八十メートルもいったところで影が迫る。近付く。霧から姿を現したのは,墜落した飛行磯の巨大な機首だった。機首は小首を傾けたような状態で傾いていた。ジュラルミンの外壁は底面部が捲れ,その内部がうかがえた。機首の中に人影が認められる。目を細くして仰ぎ見る。それは,今は,亡き,父の姿だった。
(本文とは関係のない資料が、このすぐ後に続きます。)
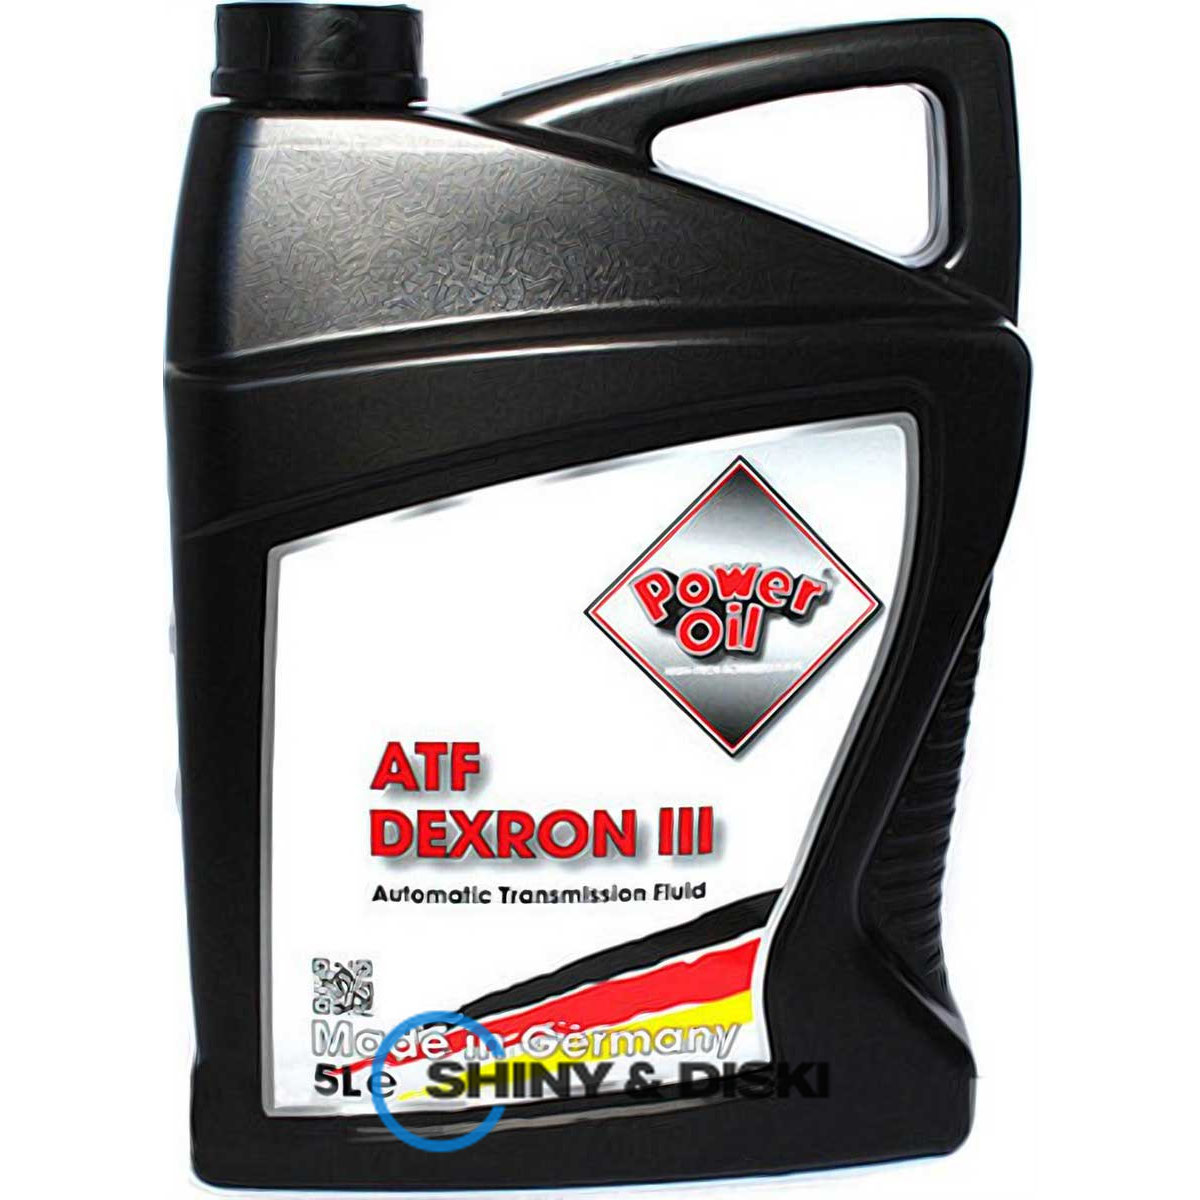 power oil atf dexron iii -red-

 父は読んでいた新聞をたたむと,じっとこちらを見た。
「さもしい奴め。なにを形成に来た」
 恐怖感はなかった。懐かしさがあった。
「分らないんです」僕は答えた。
 水に滴ったインクのように意識が拡散していく。
 ボタン雪のためらい。
 安らかな眠りに落ちる間際の静寂。
「僕はなにが欲しいんでしょう?」
 波間に揺れるプディング。
「愚か者め」
 父は穏やかに上昇を始める。霧は父の姿を包み隠す。
 いつもそうだ。僕だけが一人残されて行く。



 四日間の徘徊のあと,僕は発見された。保護されたとき,僕はうずくまり歌っていたらしい。その後,意議が正常に戻るまでに五日間を要し,妖精の部屋に戻るまでに三日間を要した。アーケードは相変わらず,チューニングが狂ったギターのように猥雑な音を立てていた。



 妖精の部屋。転がるヘアーブラシ。ブラシにからまる無数の髪の毛。短いものが僕の,そして長めのやつが彼女のものだ。二人の交わった匂いがするだろう。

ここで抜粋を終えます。